Race as breeding populations or gene pools.

19th century, the discussion was about populations, and specifically the nature of species and sub-species. For Darwin, the subspecies was the race. These are populations separated geographically, such that reproduction is possible, but made less likely due to, initially, geographical factors, and then cultural ones.


4.
Race as class:

Race is often used as an indication of social standing, relative to the position of others. Race and class are not the same thing, but they can end up being coextensive in certain circumstances. We have come to realize that social position is constructed and imposed, rather than natural, and race turns out to be this way as well. It has more to do with social inheritance than anything else.


5.
Cultural Race:

"The cultural conception of race is identified with language group, religion, group habits, norms, or customs: a typical style of behaviour, dress, cuisine, music, literature, and art." The attempt to trace the "families" of languages goes a long way back, and is linked with the race discussions of the 18th and 19th centuries. This version of race has to do with a shared history, and some racism comes coded through the means of culture. Goldberg cites the case of Thatcher, when she was prime minister of Britain, saying something about the fear that Britons would be swamped by people [from the new commonwealth or Pakistan] with a different culture." They would somehow dilute what it was to be a real Briton.
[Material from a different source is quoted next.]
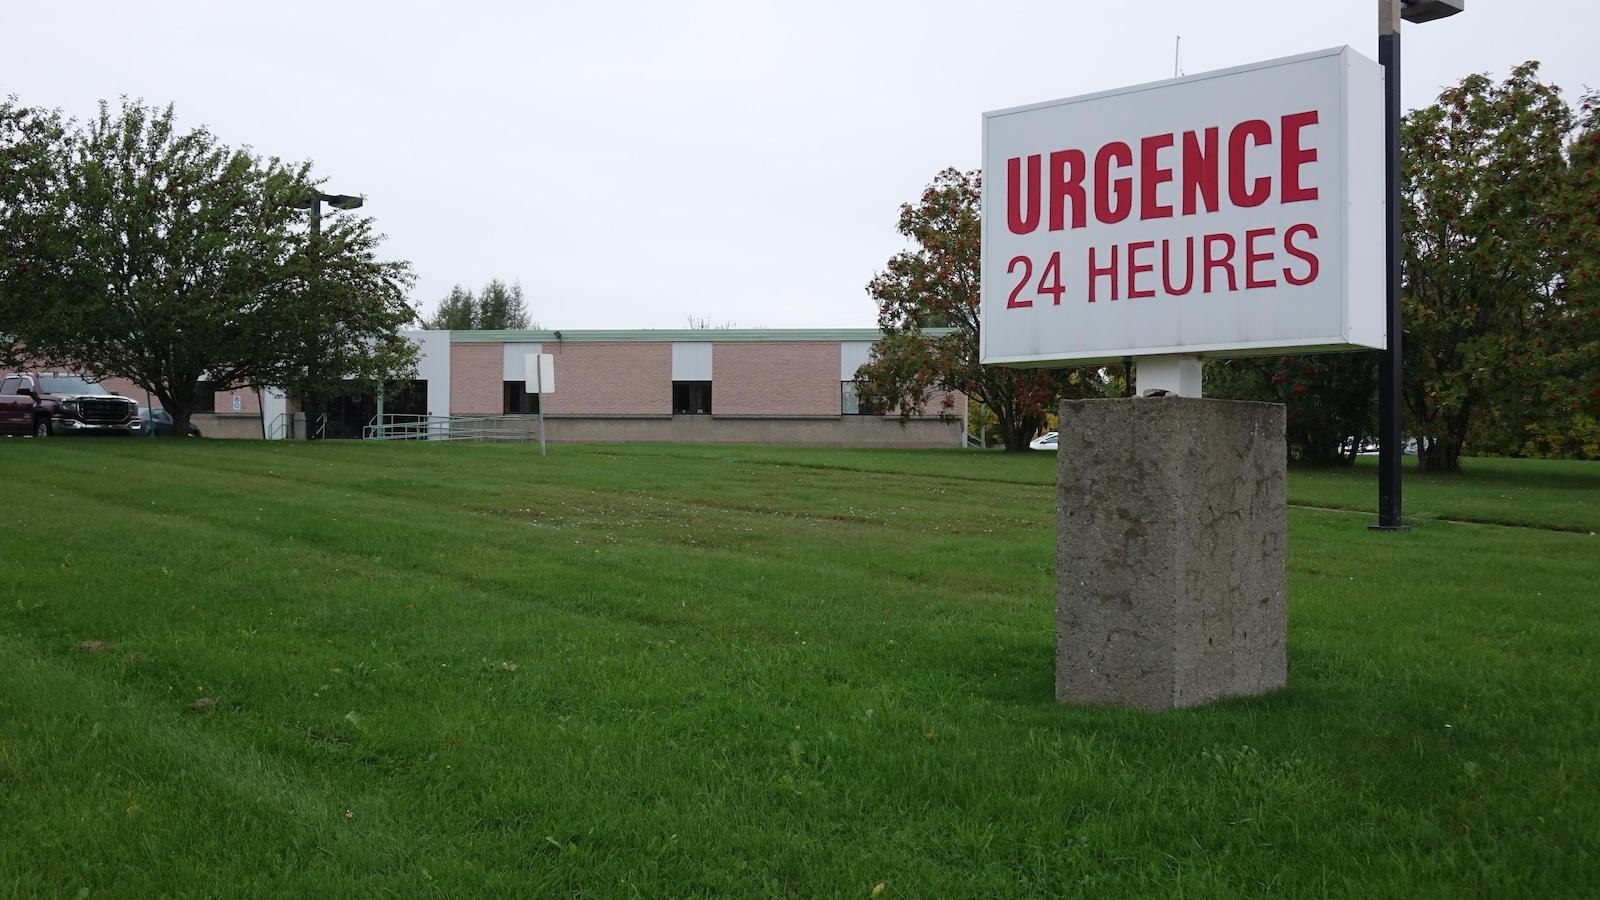 Affiche Ugence 24 heures et bâtiment derrière

You get the same thing in Canada, when people talk about assimilation into "Canadian" culture, which usually means white settler culture.


6.
Ethnorace:

One theorist distinguishes between ethnicity and race by saying that the first is socially defined on the basis of cultural criteria, and the second is socially defined on the basis of physical criteria. (Van den Berghe). However, it seems that the first may collapse into the second. That means that ethnicity might be roughly the same as race. Ethnicity may still emphasize cultural content while race may emphasize descent, but these get blurred. If you ever have to fill out an affirmative action form for a job, you will sometimes find a list of "ethnicities" where you are supposed to check off what you belong to. But this list often mixes race (African descent) with ethnicity (Italian-American), and groups that belong somewhere between (e.g., Hispanic). And what about Jews? Usually, taken as a race, but in Jewish circles there is the tendency recently to racialize the basic distinction between Sephardic and Ashkenazi. Some Ashkenazis in Israel refer to Sephardic Jews as "Asiatic" Jews. Ethnicity? Race? Religion?


7.
Race as nation:

Nations tend to have geographic locations, which is the way Darwin used to think about sub-species. And, some might be inclined to see certain racial categorizations as really national ones. Being "Canadian", a national designation, for some really is a racial designation. Same with immigration policies in a variety of countries (eg, US, Australia). There is a sense that there is a national self-consciousness, that would be eroded if you get the wrong people in.


Now, all this means that our notions of race cannot be taken for granted. When someone talks about race, they might be talking about any of these.